**Data excerpt:**
*** Begin section ***
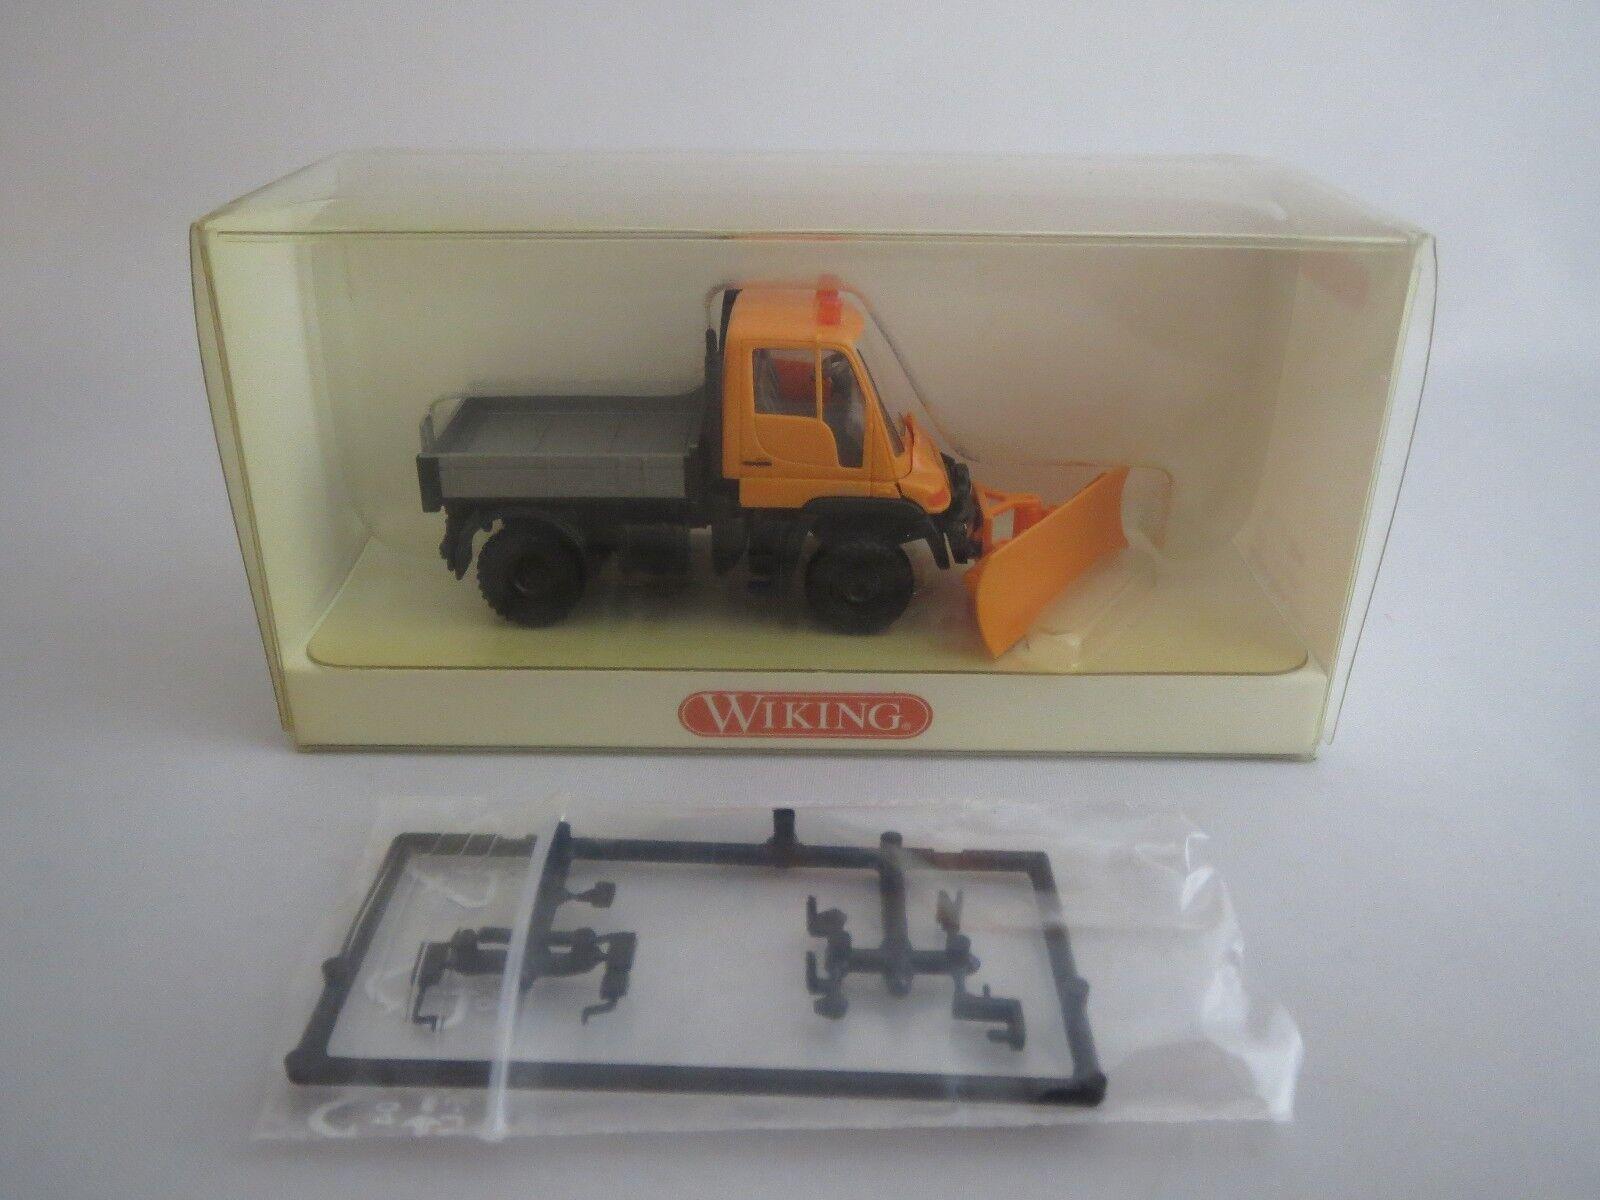 Wiking 6460335 Unimog U 400 avec chasse-neige neuf dans sa boîte
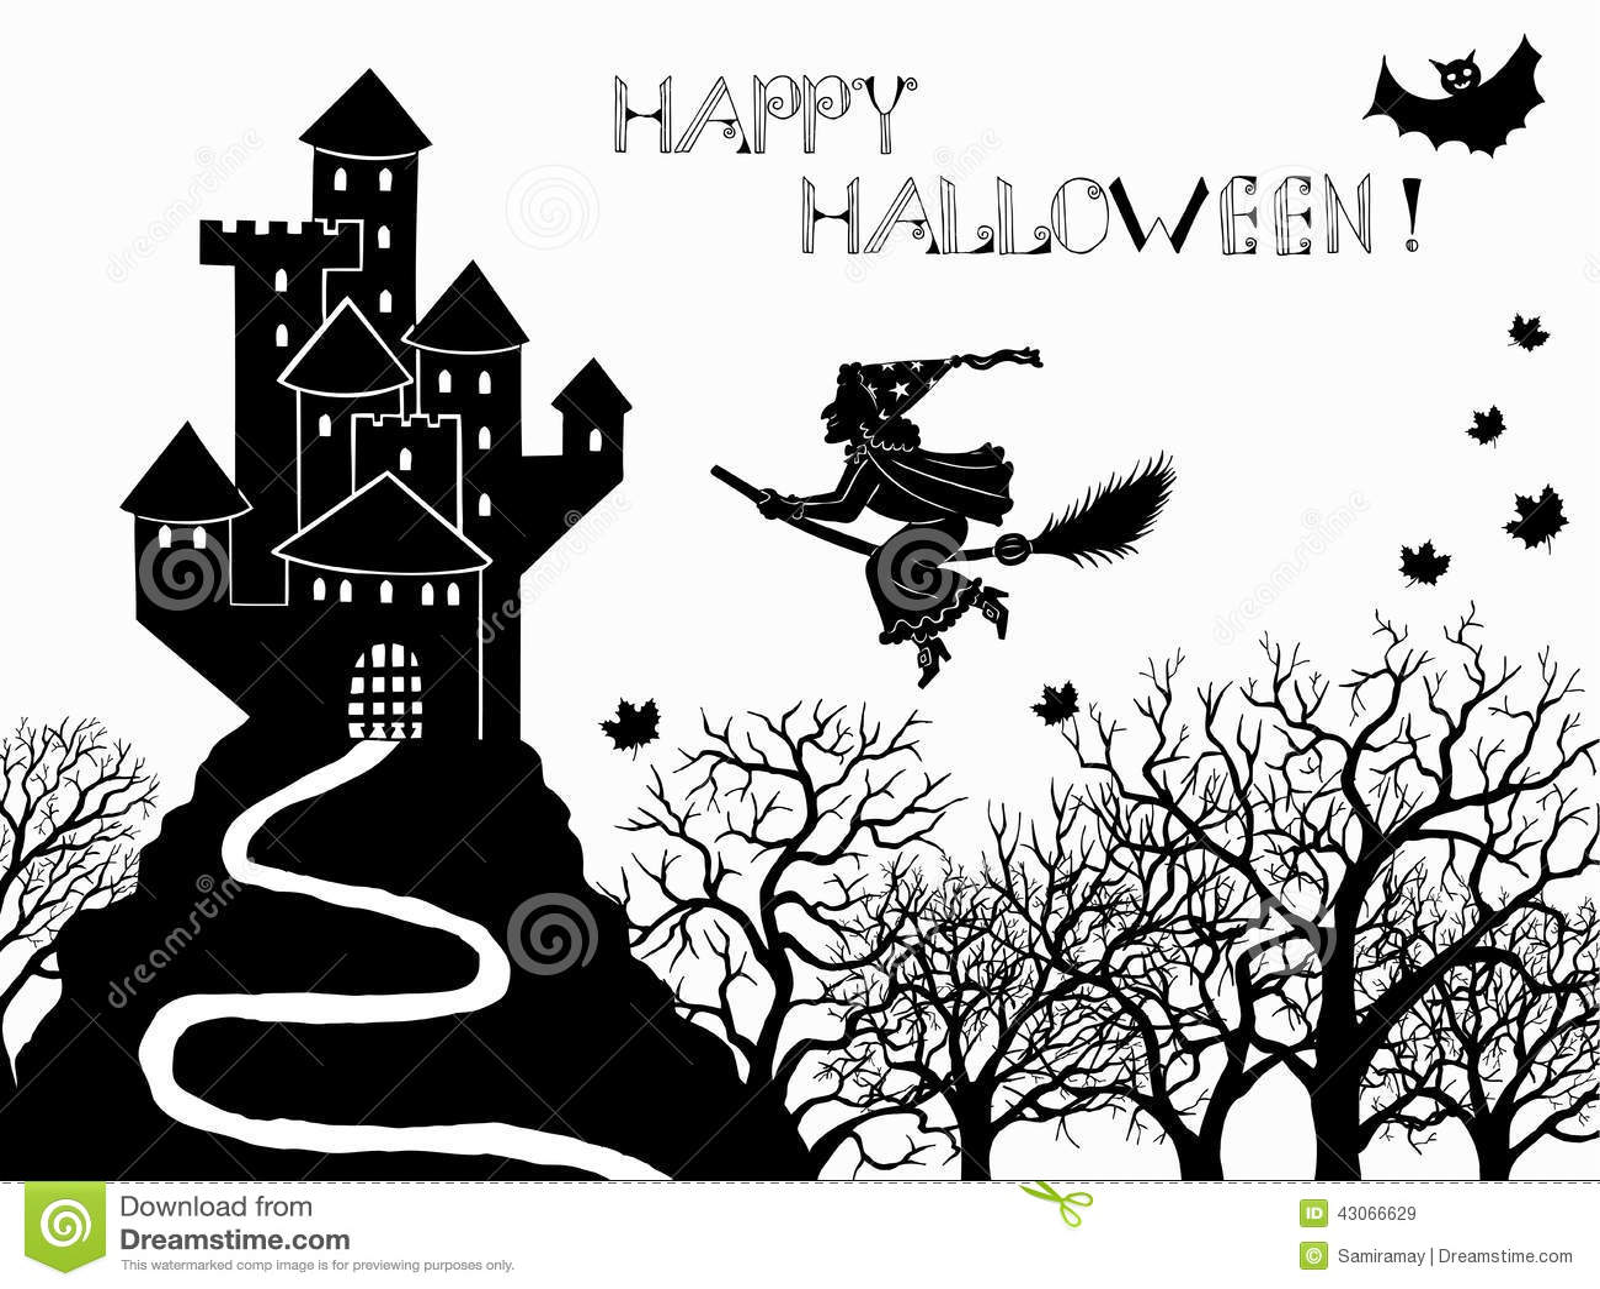 Halloween Invitations Templates was amazing invitations design
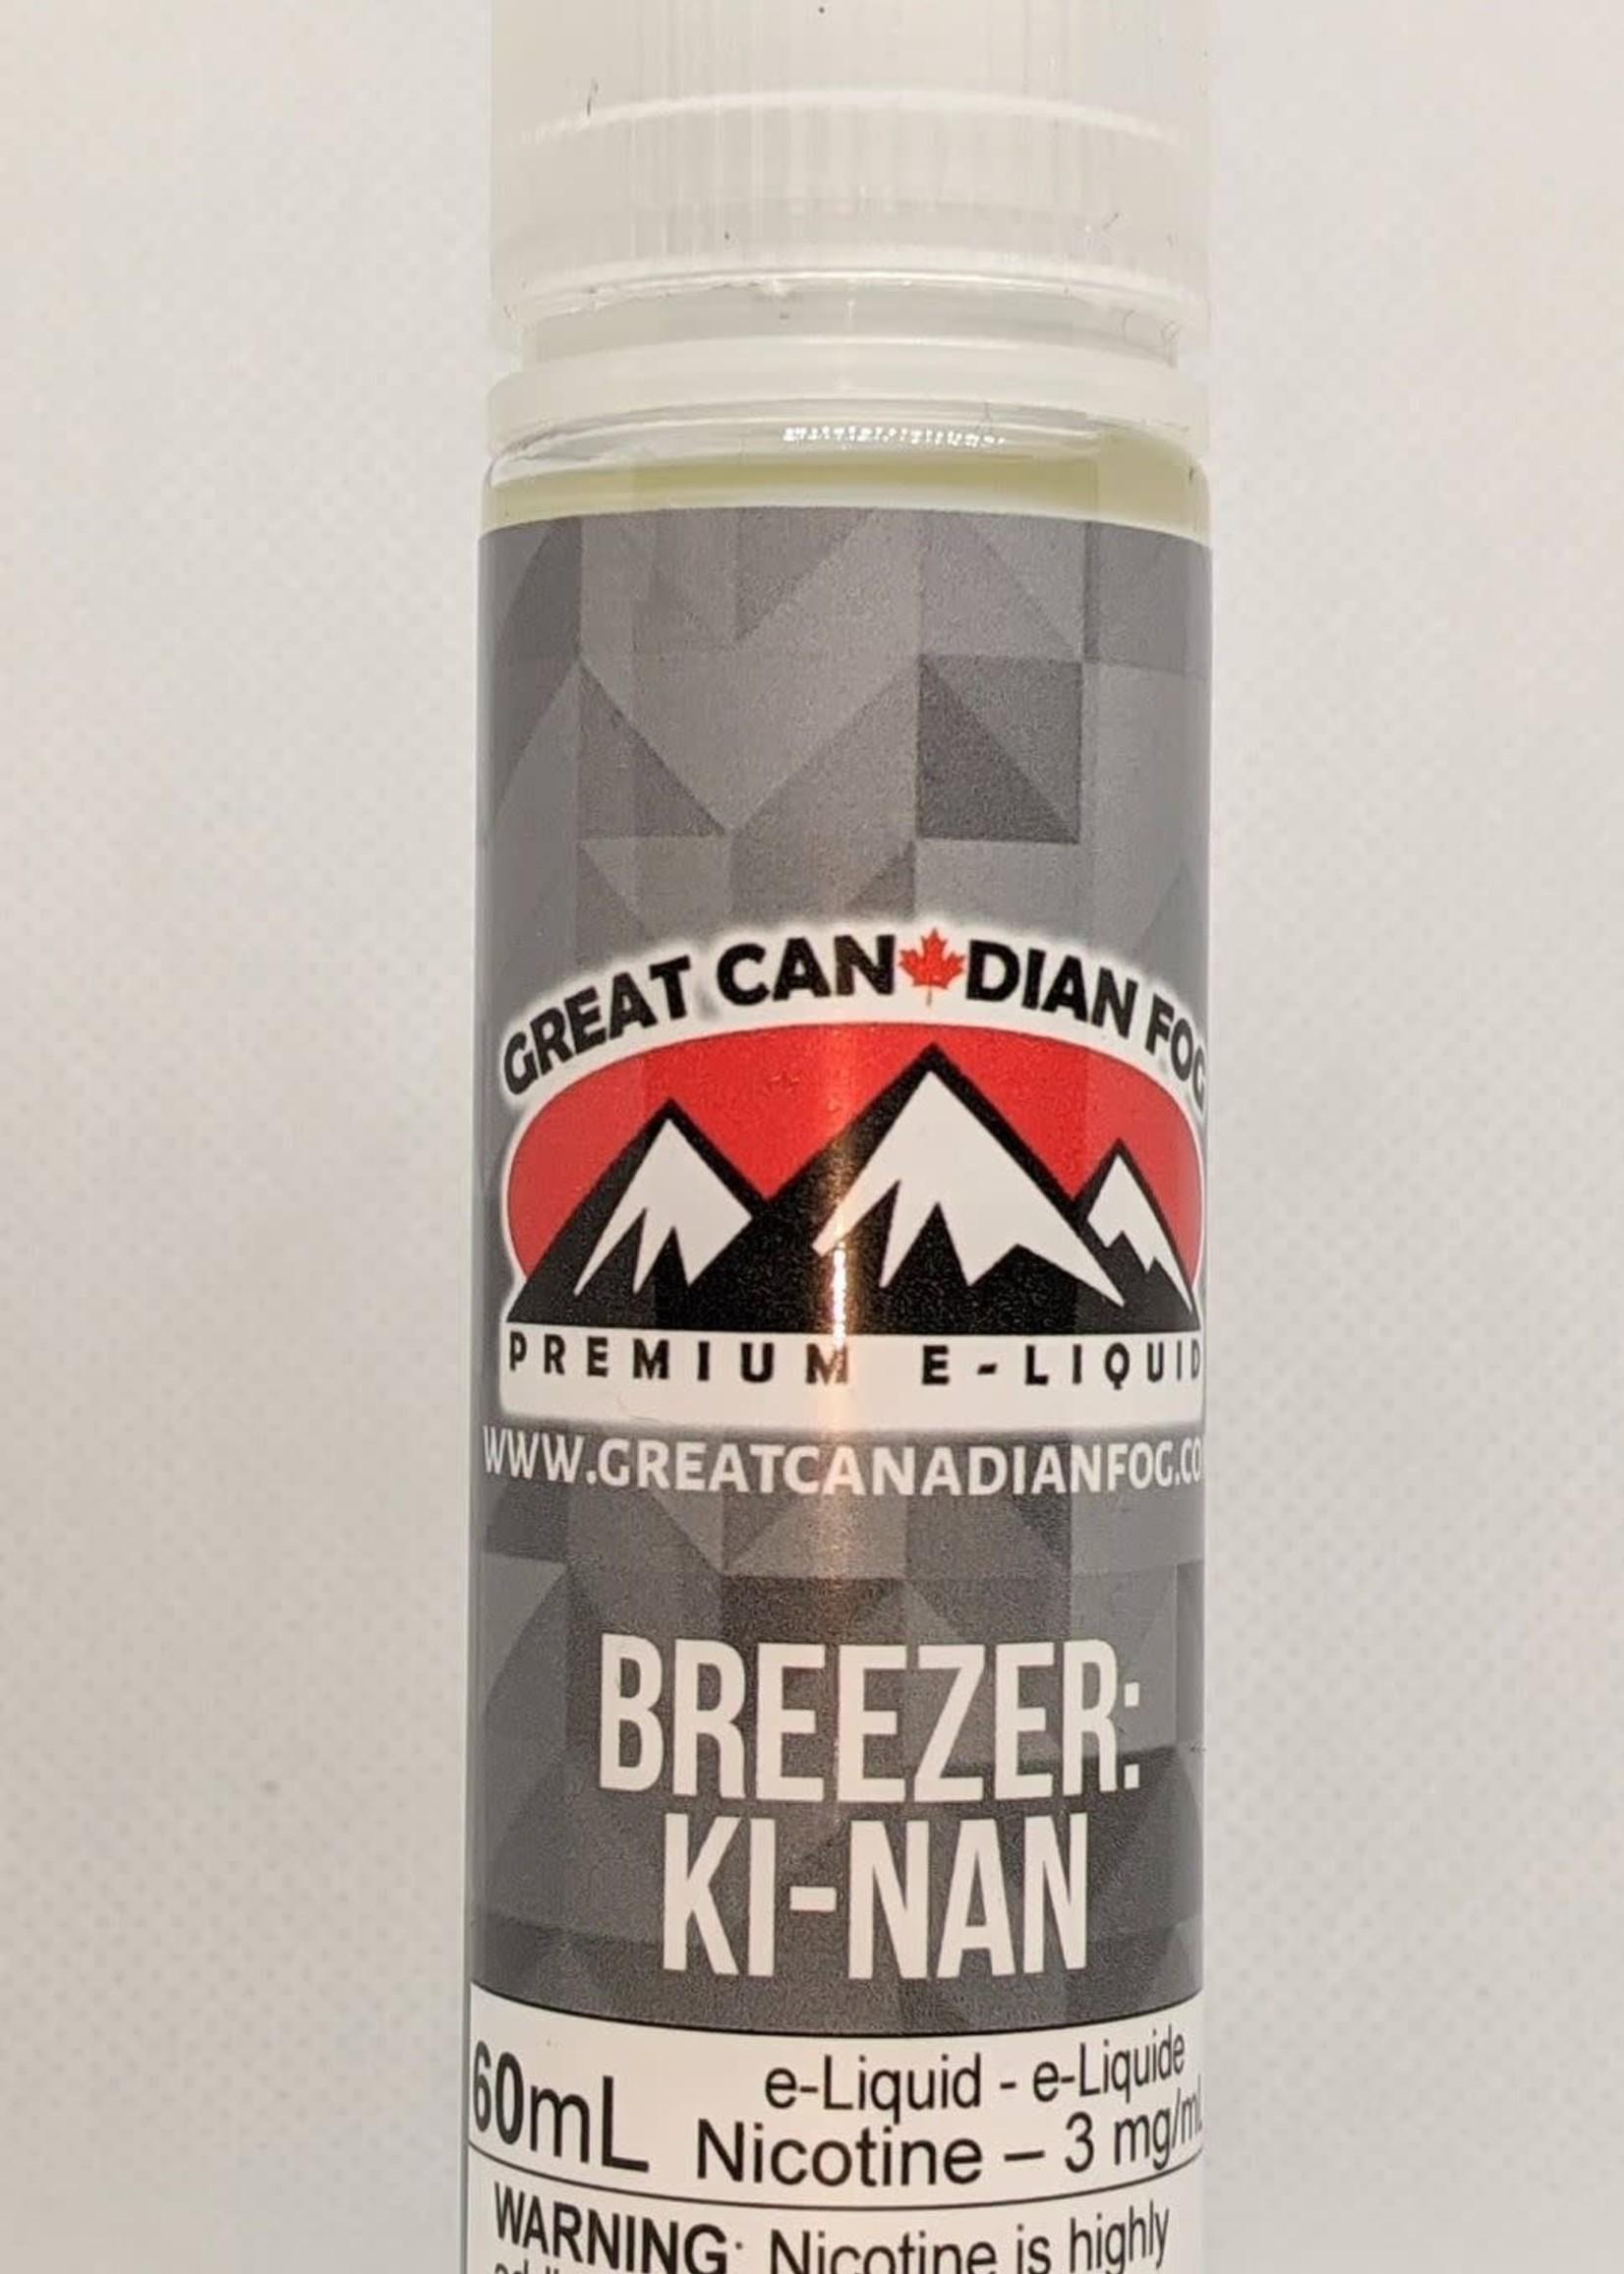 Great Canadian Fog Ki-Nan
*** End section ***
**What needs to be done:**
Everything from the line with "Halloween Invitations Templates" through the last line above should be reproduced exactly, both ends included; pictures must be omitted.

**Reply:**
 Halloween Invitations Templates was amazing invitations design
 Great Canadian Fog Ki-Nan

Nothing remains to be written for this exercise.